What to produce → Give back exactly the lines of the data below, starting with the line that has "SETI- Planeta- Locuciencia" and going on through the line that has "320,00 - Belgium".

Supplied records →
=-=-=-=-=

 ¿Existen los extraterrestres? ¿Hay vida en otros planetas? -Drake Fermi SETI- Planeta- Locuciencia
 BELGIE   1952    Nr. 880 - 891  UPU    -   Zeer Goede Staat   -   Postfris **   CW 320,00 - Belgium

=-=-=-=-=

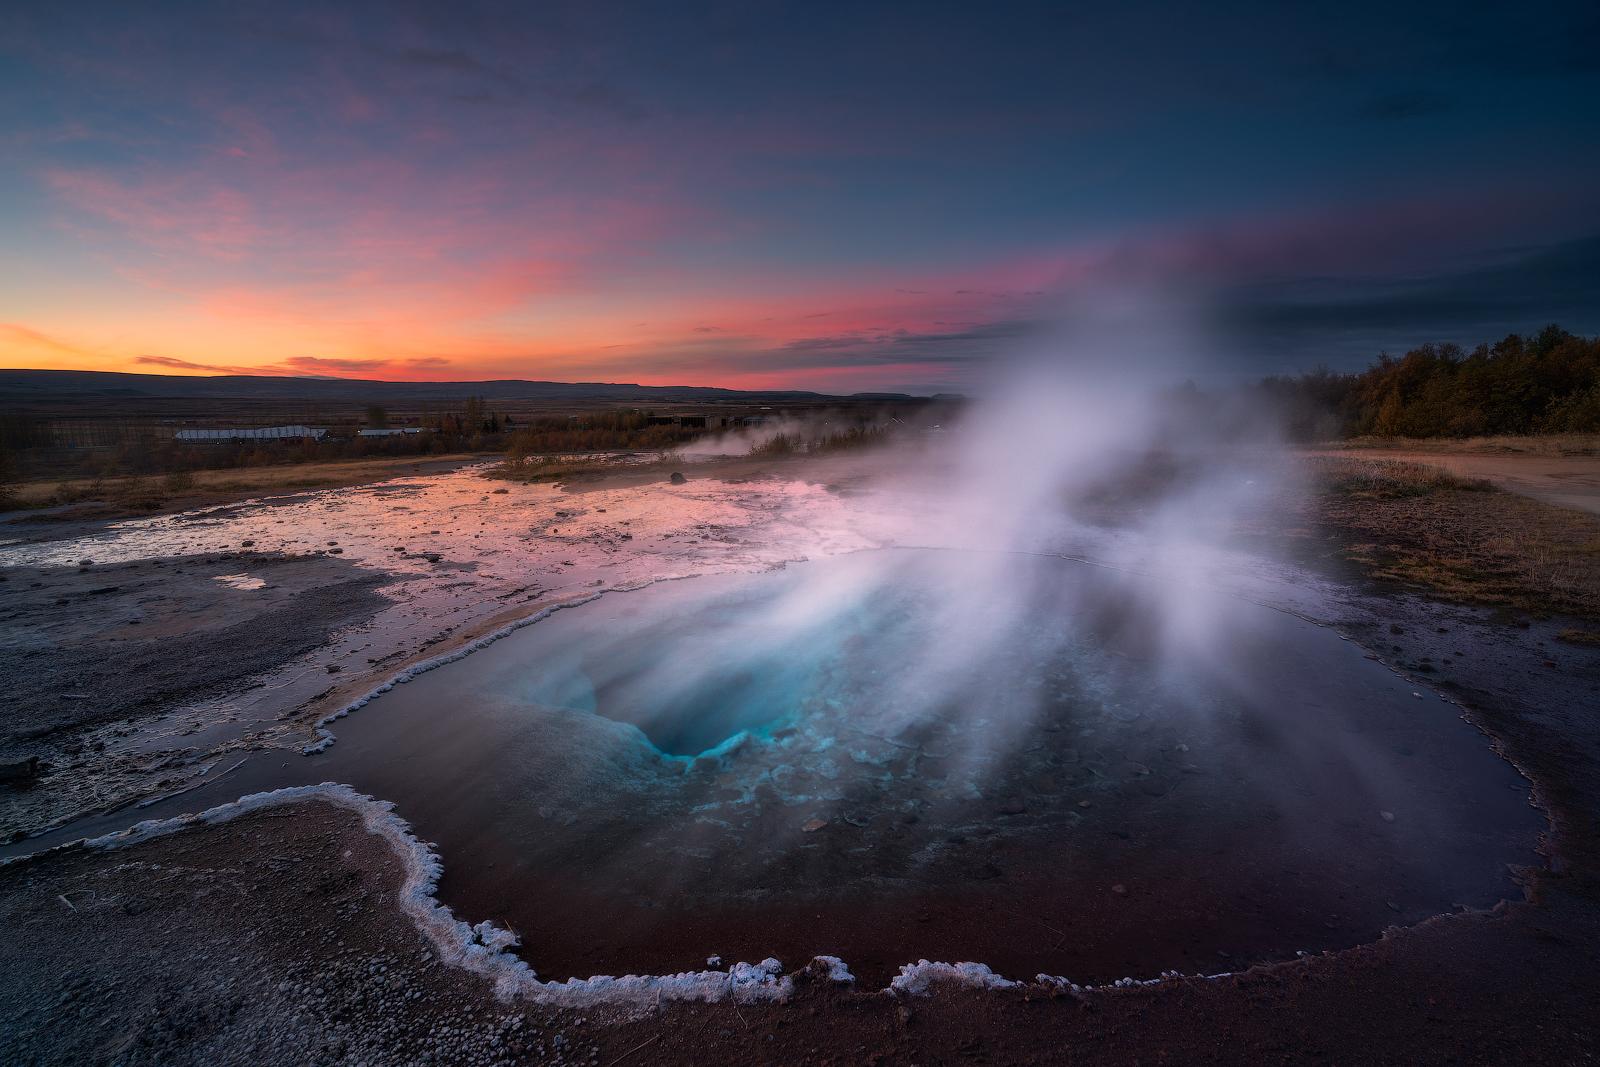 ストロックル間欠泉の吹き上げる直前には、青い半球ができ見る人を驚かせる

=-=-=-=-=

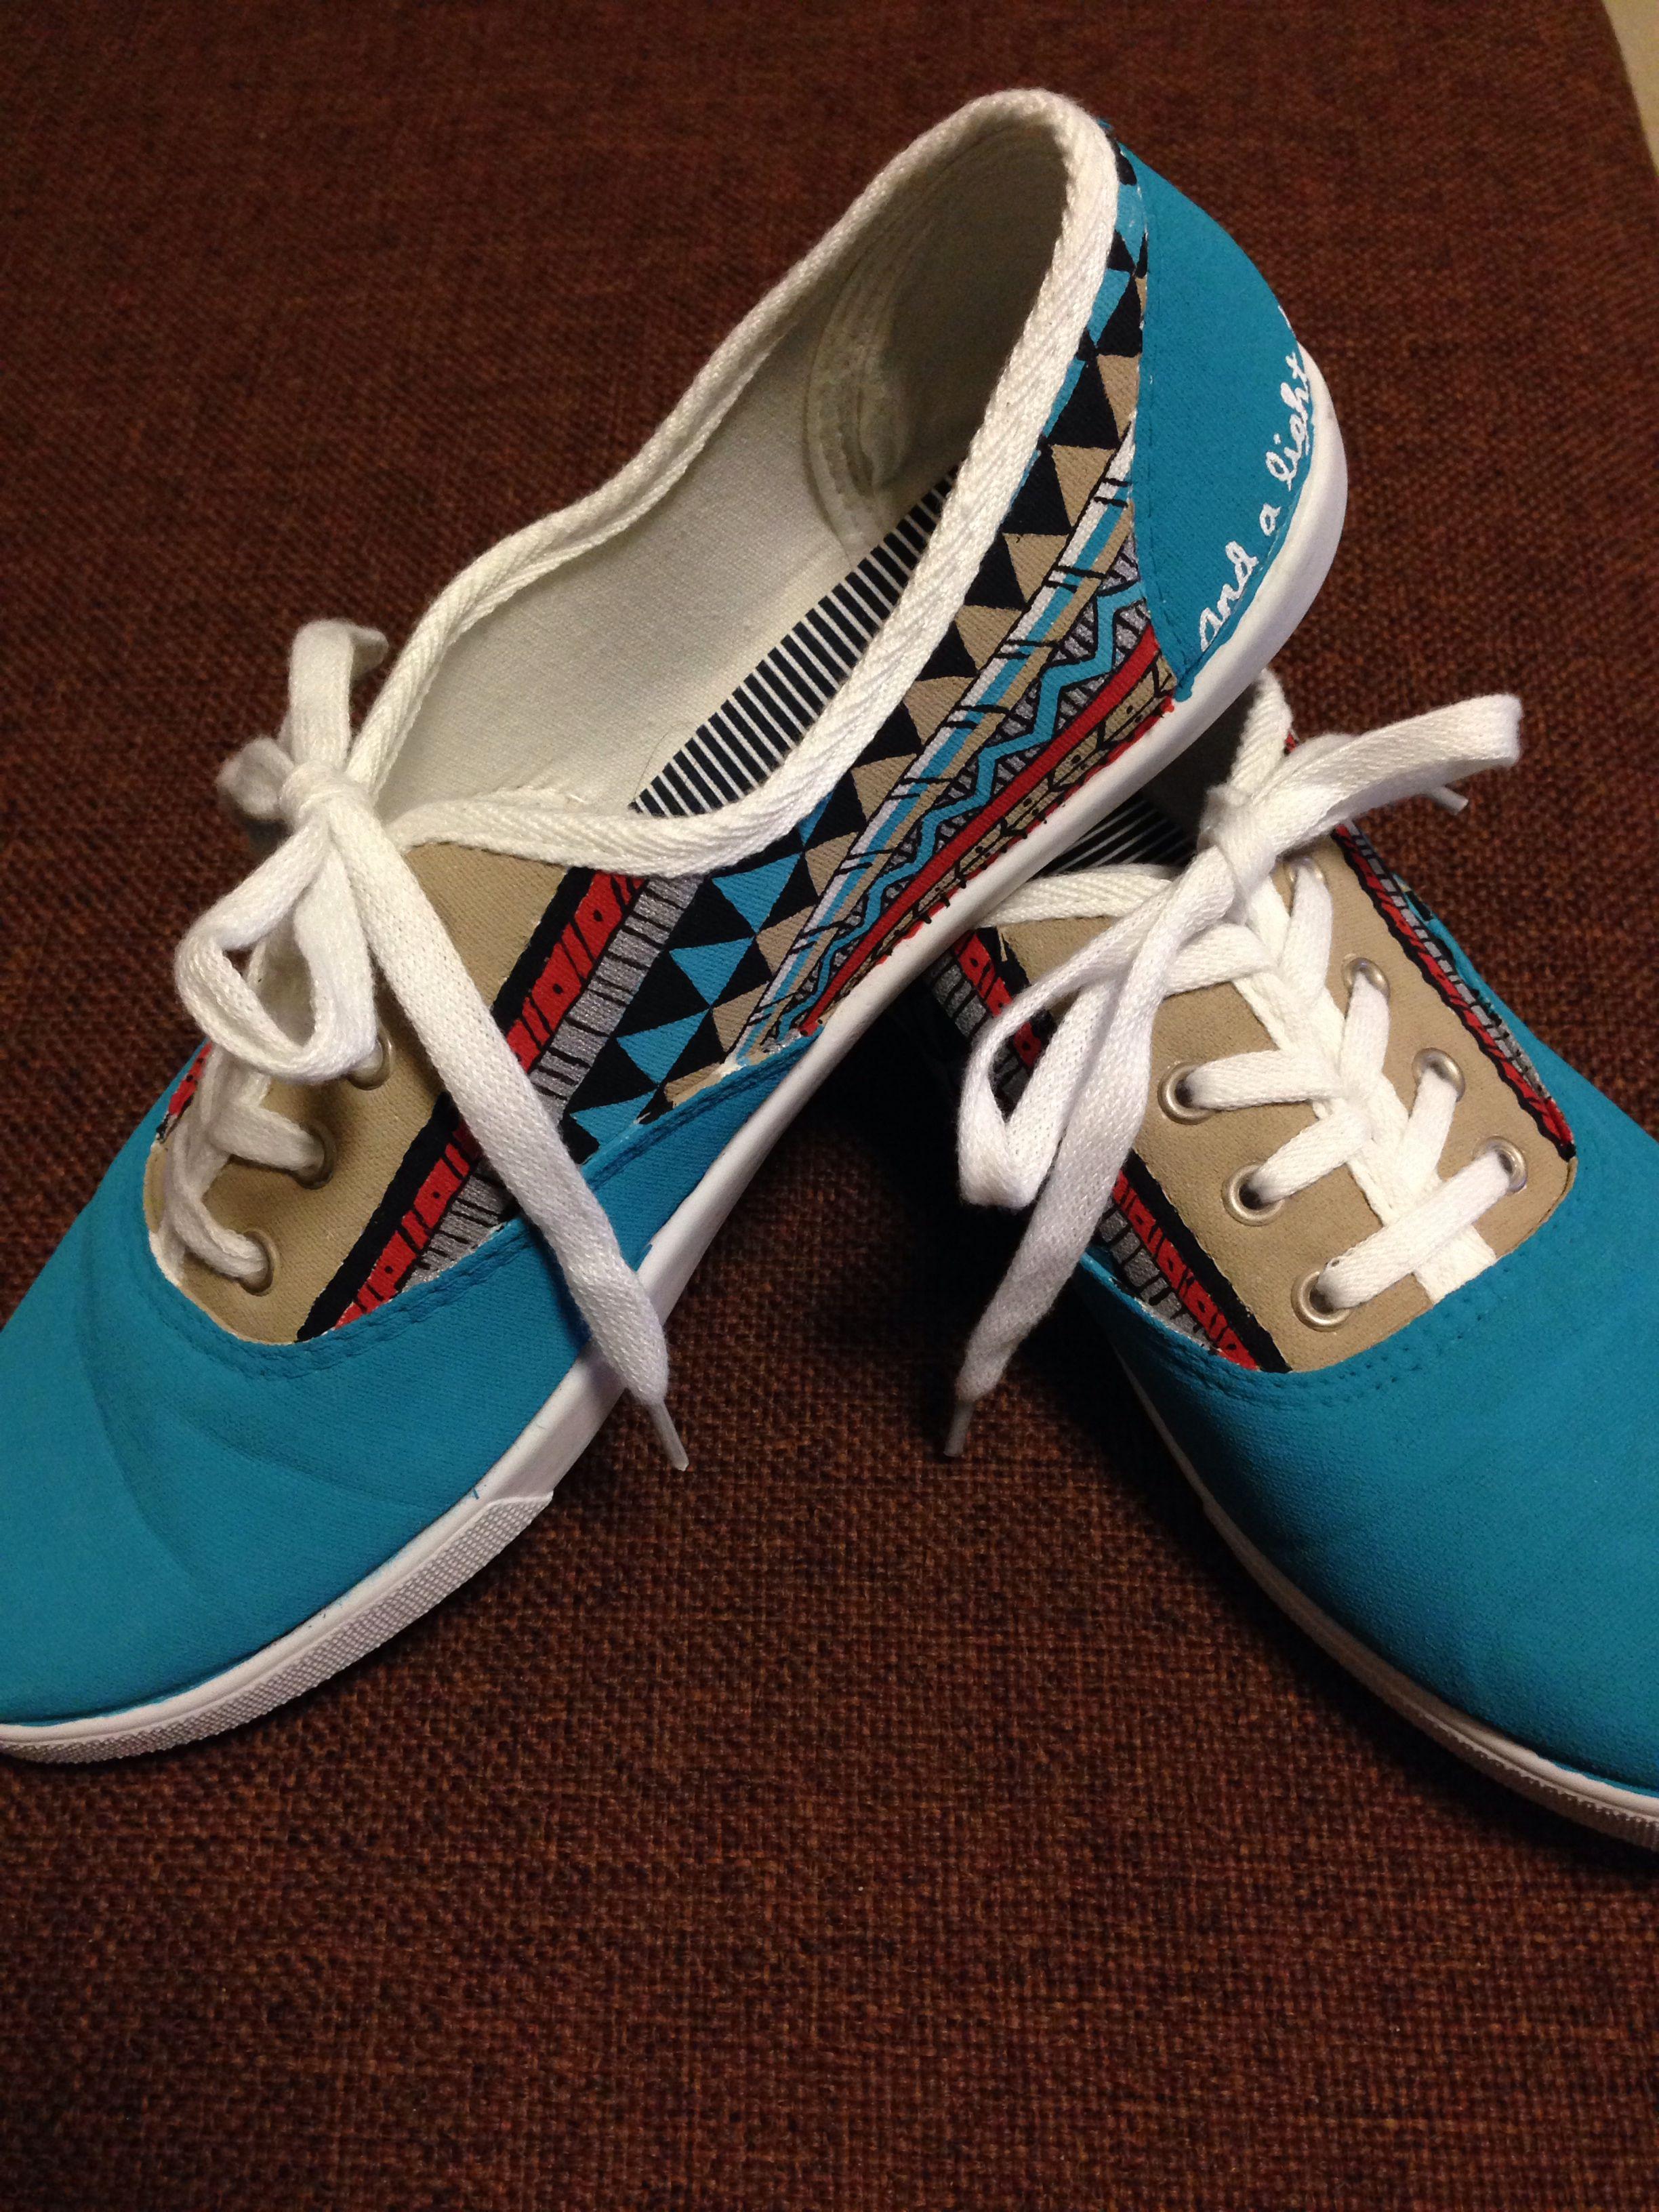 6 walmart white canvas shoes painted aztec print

=-=-=-=-=

Solved problem →
 ¿Existen los extraterrestres? ¿Hay vida en otros planetas? -Drake Fermi SETI- Planeta- Locuciencia
 BELGIE   1952    Nr. 880 - 891  UPU    -   Zeer Goede Staat   -   Postfris **   CW 320,00 - Belgium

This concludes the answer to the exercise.